O Senado italiano adiou para hoje à noite ou amanhã de manhã a votação final do Orçamento do Estado, de que depende a sobrevivência do Governo de Romano Prodi. A coligação de centro-esquerda tem uma maioria tangencial e está dependente da incerta coesão dos seus senadores. Se a Lei Financeira passar, será uma derrota para Silvio Berlusconi. Se for chumbada, a demissão de Prodi é inevitável. Deverá suceder-lhe um governo "técnico" e um período dominado pelo debate da reforma da lei eleitoral. A fragilidade da maioria governamental foi ilustrada na terça-feira, quando os três liberais-democratas, do antigo primeiro-ministro Lamberto Dini, fizeram aprovar uma emenda da oposição sobre o financiamento da investigação universitária. Dini ameaça agora chumbar outra disposição, a limitação do salários dos gestores das empresas públicas, por a considerar antiliberal. Mantém em segredo o voto final sobre o orçamento.Também entre os aliados comunista há ameaças veladas. Todos têm presente a queda do anterior executivo de Prodi, numa votação sobre a política externa, em Fevereiro passado, graças à "deserção" de três senadores da maioria.

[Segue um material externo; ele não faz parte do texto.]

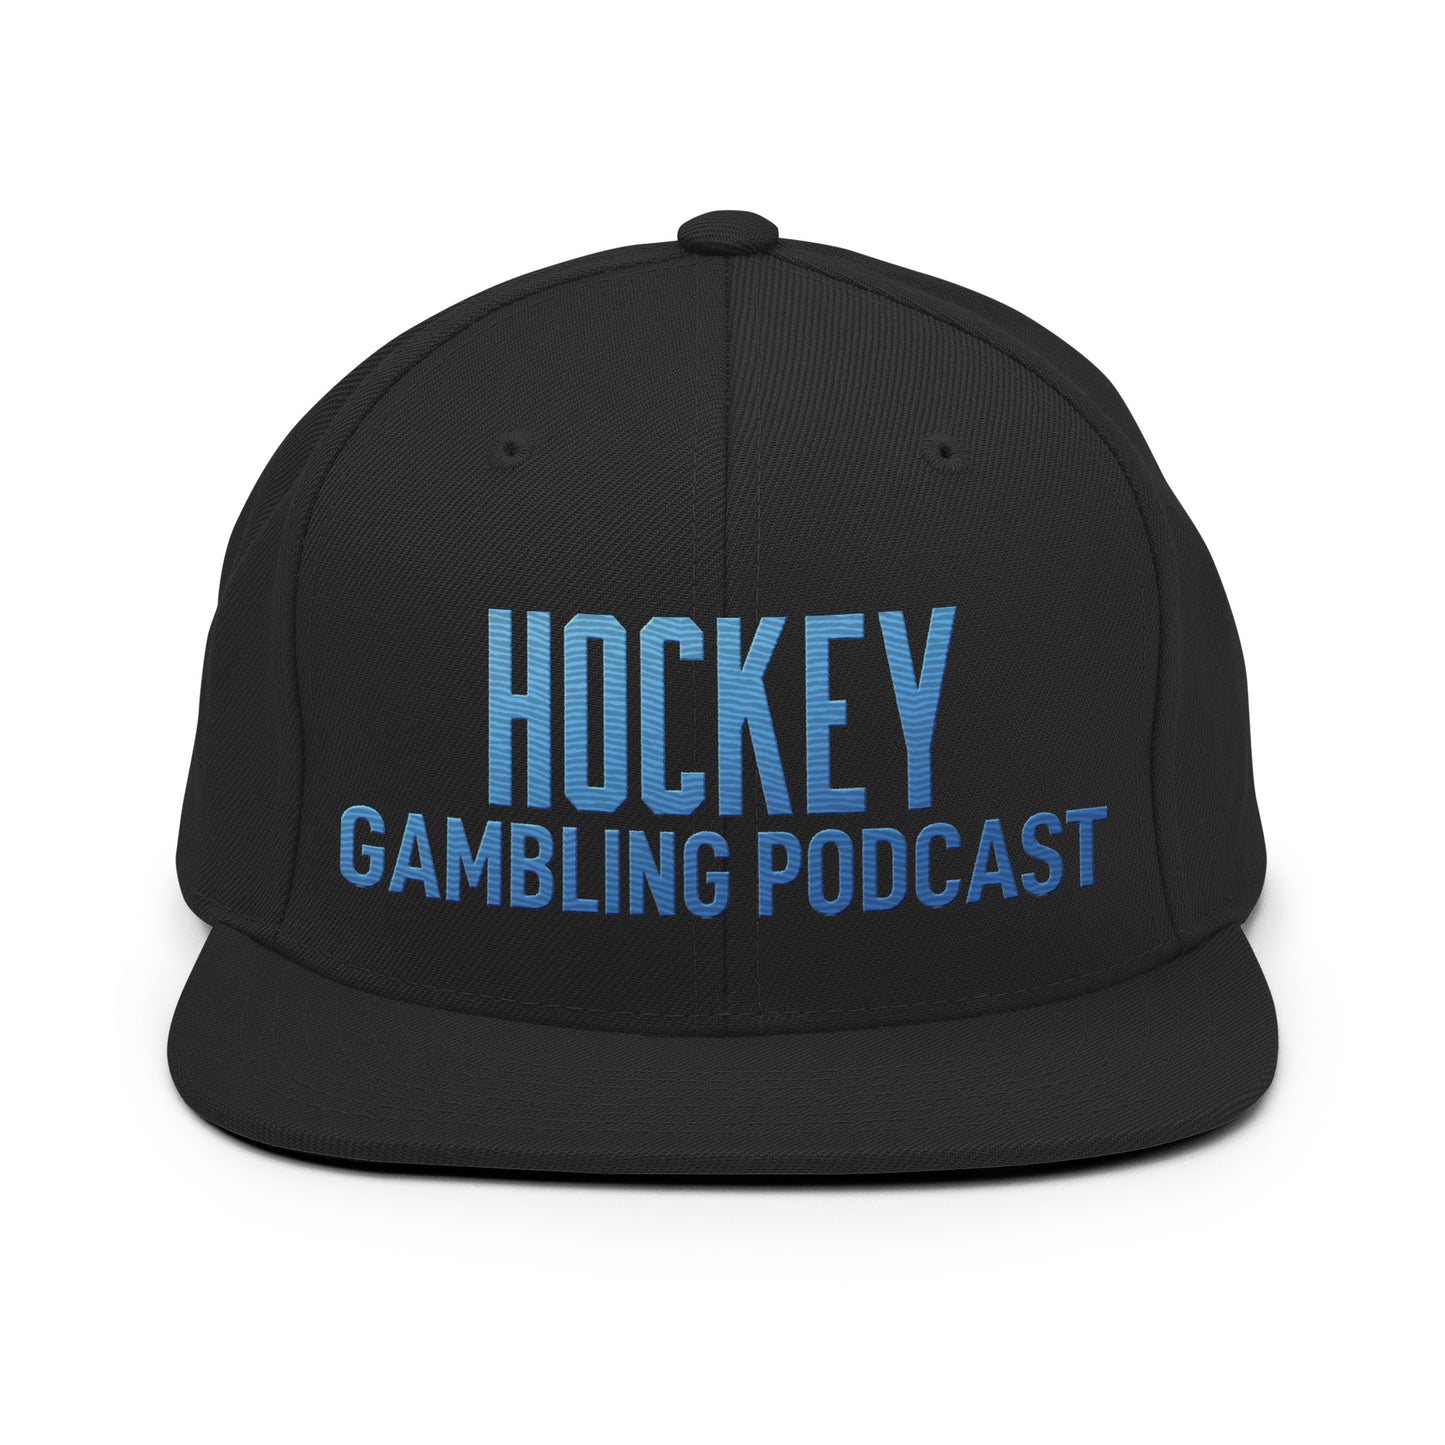 Hockey Gambling Podcast - Snapback Hat

"Uma lei não escrita da política italiana diz que os governos nunca caem no dia do juízo. (...) A emboscada, para ser eficaz, deve ser inesperada e fulminante: se foi anunciada, perde subitamente grande parte da sua força". Por isso, os bookmakers apostam na vitória de Prodi sobre Berlusconi
A campanha de Berlusconi para fazer cair Prodi nesta votação pode transformar-se num bumerangue contra ele. O seu partido, Força Itália, convocou manifestações em várias cidades para obter cinco milhões de assinaturas a exigir eleições antecipadas. Mas os seus aliados, Gianfranco Fini, da Aliança Nacional, e Pierferdinando Casini, da União dos Democratas Cristãos e do Centro, não estão interessados em eleições antes da aprovação de uma nova lei eleitoral, que reduza a dispersão do leque partidário e o poder de chantagem dos micropartidos sobre o primeiro--ministro, de direita ou de esquerda. Mas permanecem em desacordo sobre o sistema a adoptar.A revisão da lei eleitoral interessa também ao novo Partido Democrático (centro-esquerda), que tem estado refém do impasse, pois o seu líder, Walter Veltroni, só se poderá afirmar depois do desfecho da questão orçamental.

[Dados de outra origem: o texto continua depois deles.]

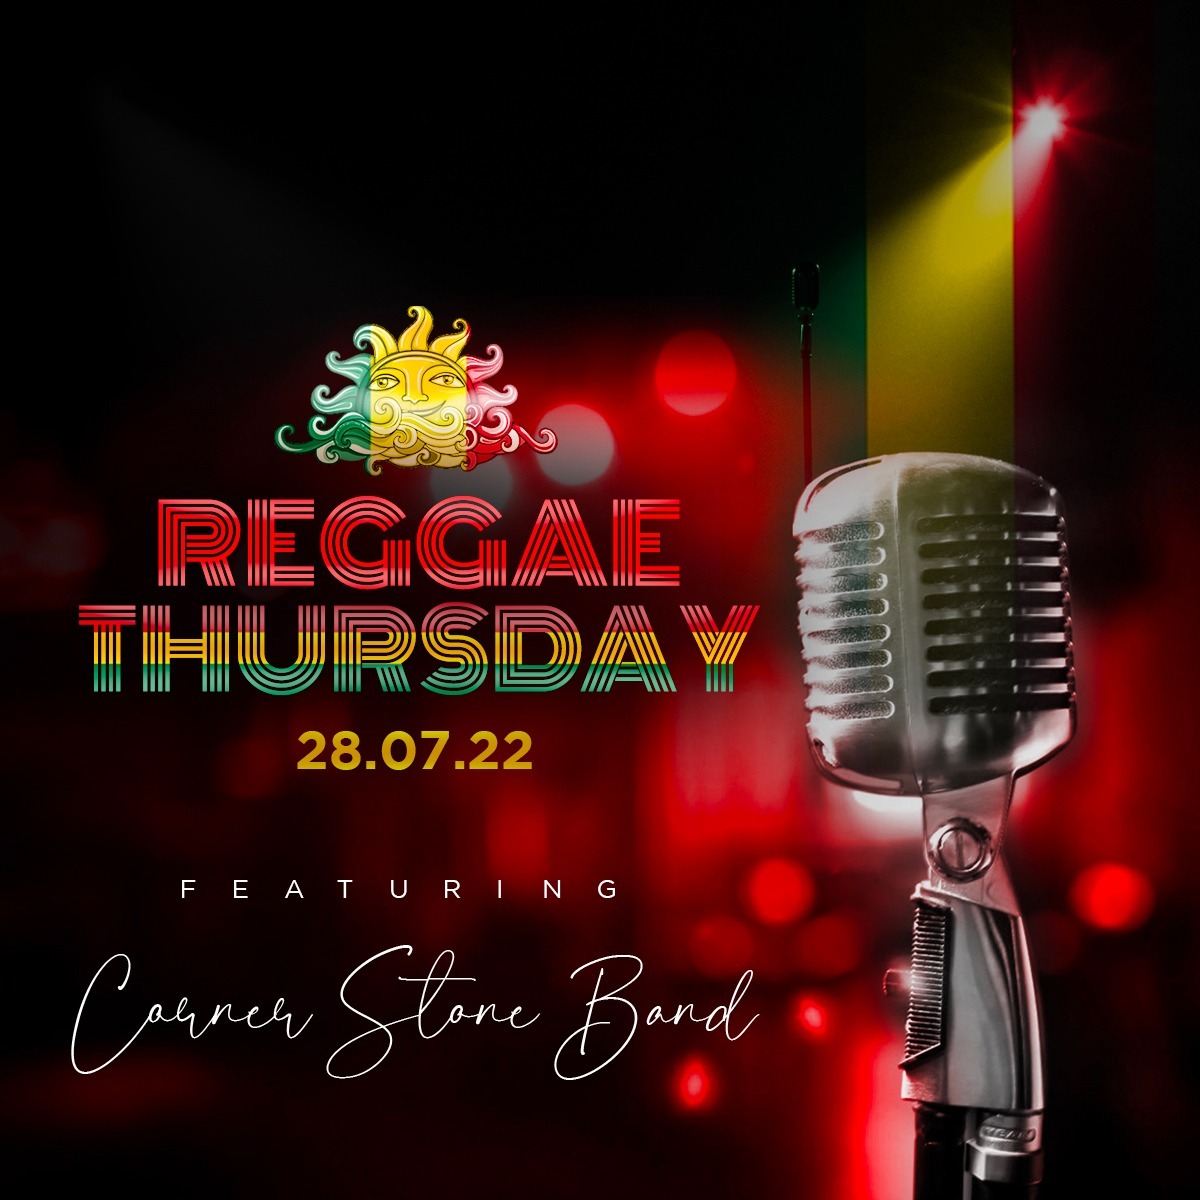 Reggae Thursday - Great fete weekend

O debate decorre num certo tom de farsa, pois o que está em causa não é propriamente o orçamento, ou as reformas, mas subtis jogadas para ganhar vantagens políticas.
"Uma maioria deficiente, uma oposição estéril. O Parlamento é o reflexo de uma política inerte".A opinião pública está obcecada por outros temas. Um é a questão dos imigrantes ilegais romenos, acusados de fazerem subir a criminalidade. Outro é a violência e a crescente politização das claques desportivas: foi ontem o funeral do jovem Gabriele Sandri, morto pela polícia durante um confronto entre adeptos da Lazio e da Juventus.
Esta trapalhada respigada da imprensa dá-me vontade de parafrasear o dixote que os ingleses aplicam aos franceses: "ao menos não somos italianos".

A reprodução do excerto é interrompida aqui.